[Haskell-i18n] Proposal for a Unicode-safe layout rule

Glynn Clements glynn.clements@virgin.net
Mon, 4 Aug 2003 12:07:02 +0100


Keith Wansbrough wrote:

> > If TAB is treated as layout-unsafe (as it should be) then this rule change
> > will break some existing code, but only code that deserves to be broken.
> > If TAB is treated specially as it currently is, this change should not
> > break any existing code.
> 
> Alternative: make the column value a partial order: identical white
> space is equal indent, additional white space increases the indent and
> less decreases it, but different white space is incomparable.  In
> other words, you can use whatever mix of spaces and tabs you like, as
> long as you use it consistently.  Eight spaces, four spaces, and one
> tab are all different, but if you always use one tab you're fine.
> Like this:
> 
> -- suggested whitespace partial order for layout
> 
> import Char
> import List
> 
> -- |Opaque indent value type
> data Indent = Indent String deriving Show
> 
> -- |Given a line, compute the indent of that line
> indentOf :: String -> Indent
> indentOf s = Indent (takeWhile isSpace s)
> 
> -- |Compare two indents (NB: partial order)
> cmpIndent :: Indent -> Indent -> Maybe Ordering
> cmpIndent (Indent s1) (Indent s2) | s1 == s2         = Just EQ
>                                   | isPrefixOf s1 s2 = Just LT
>                                   | isPrefixOf s2 s1 = Just GT
>                                   | otherwise        = Nothing
> 
> This way, it doesn't matter how wide any whitespace character is, or
> even what tab width you use.  The system doesn't even need to know -
> and any Unicode whitespace character can be used, not just the Latin-1
> "isSpace" ones.

But note that your algorithm doesn't specify what would happen if you
had used tabs instead of spaces on the last three lines above.
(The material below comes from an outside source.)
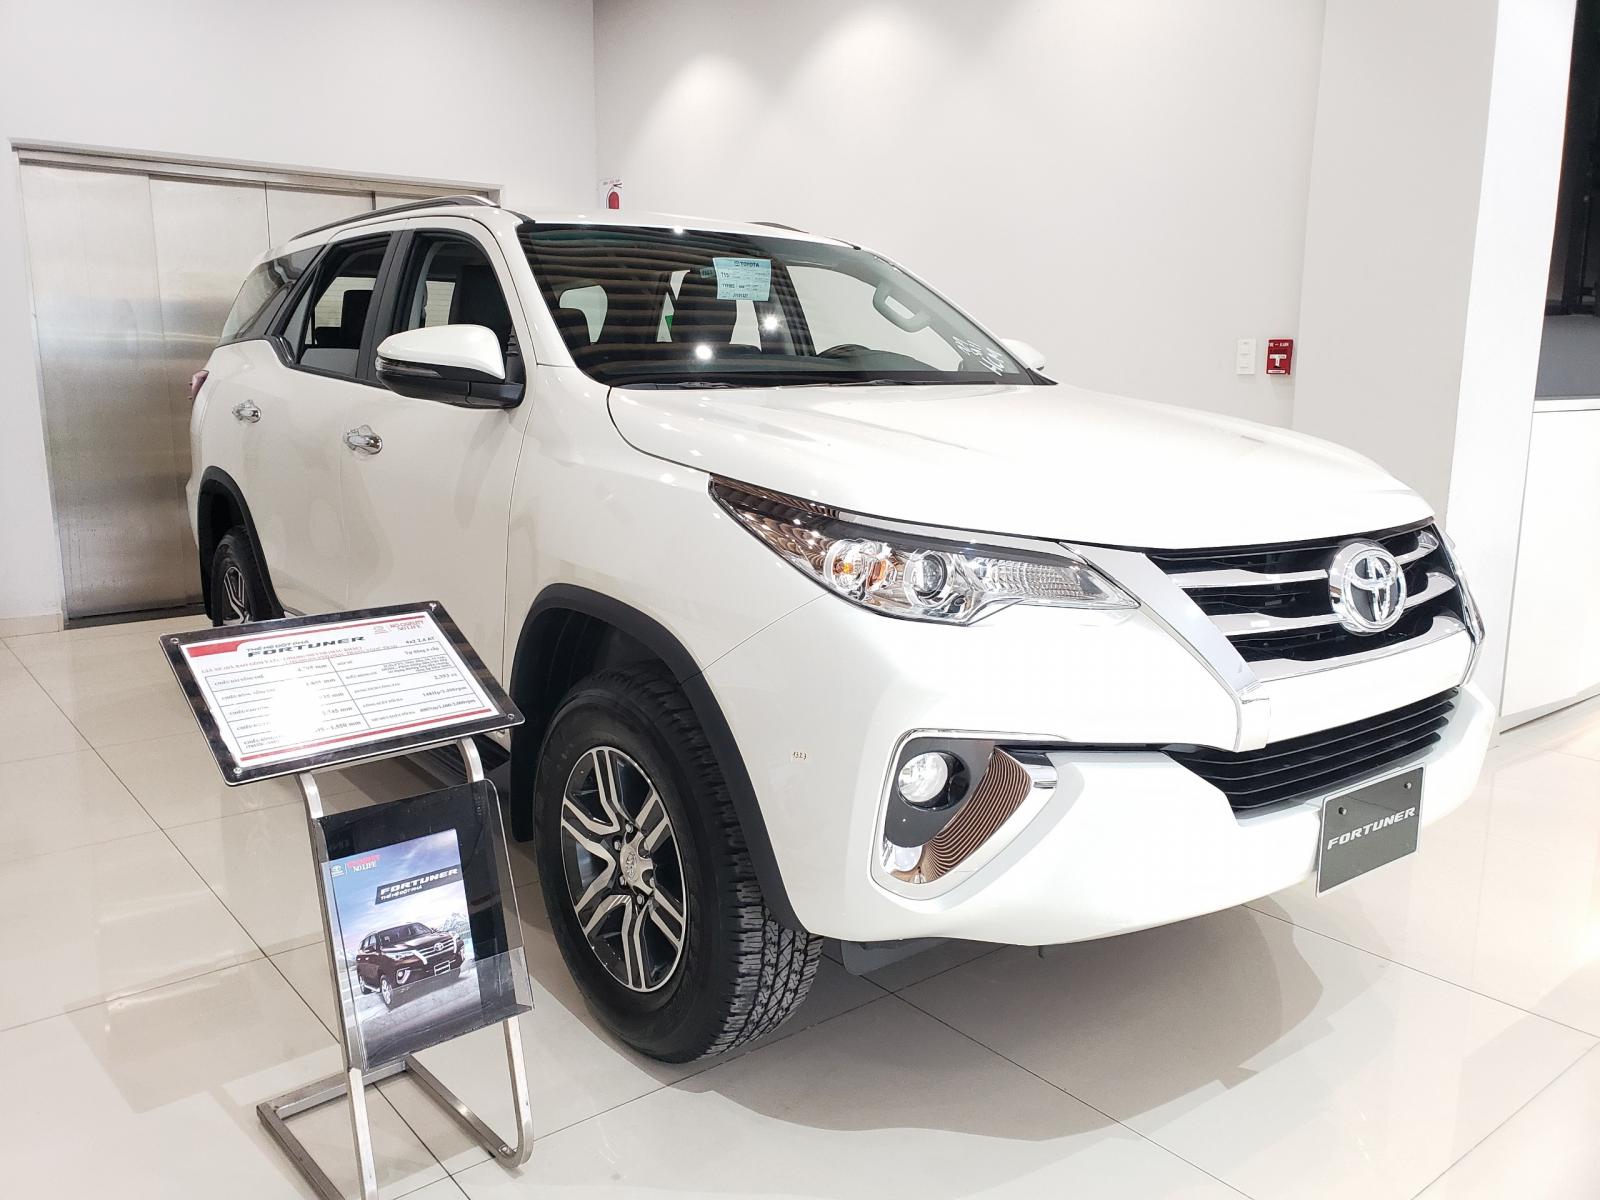 Toyota Fortuner 2020 - Toyota Tây Ninh bán Fortuner 2.4G 2020 giảm ngay 50Tr giá chỉ còn 983Tr - trả góp LS 0.5%/tháng - LH 0938.49.86.89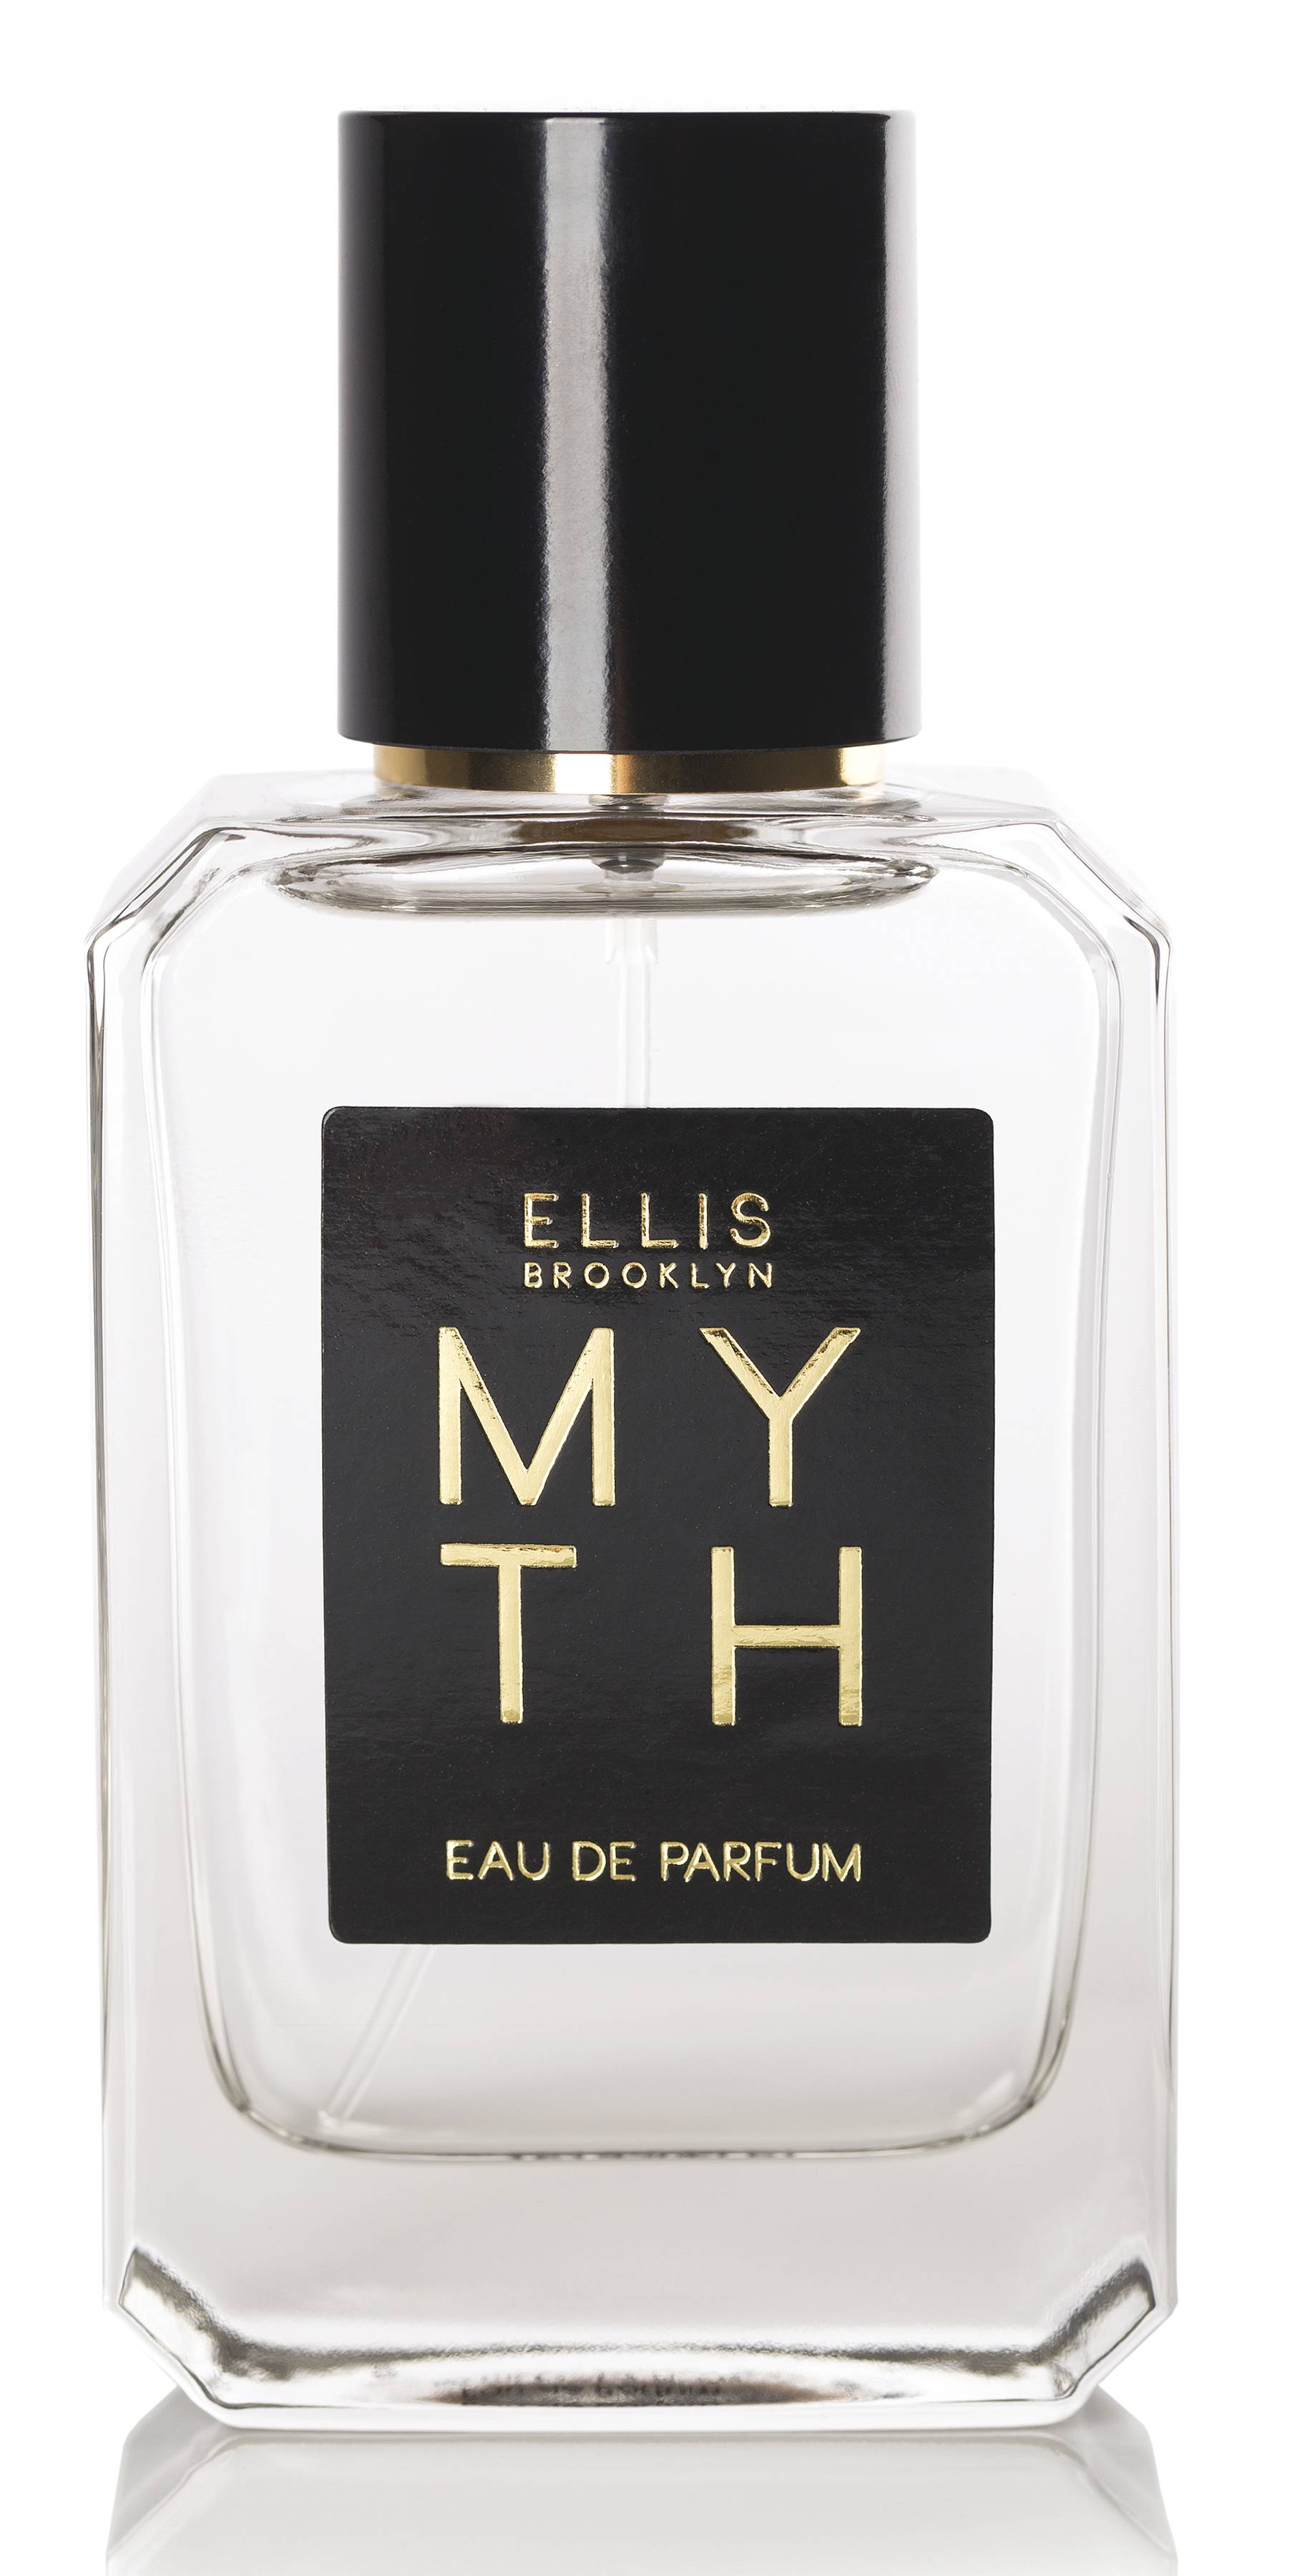 Ellis Brooklyn Myth eau de parfum

If you
allow tabs, you need to know exactly what they represent.

There is nothing wrong with the current layout rules[1]; they don't
need to change.

[1] Regarding tabs, that is; there *is* a problem when you start
dealing with characters which aren't necessarily "one character cell"
wide (e.g. CJK).

-- 
Glynn Clements <glynn.clements@virgin.net>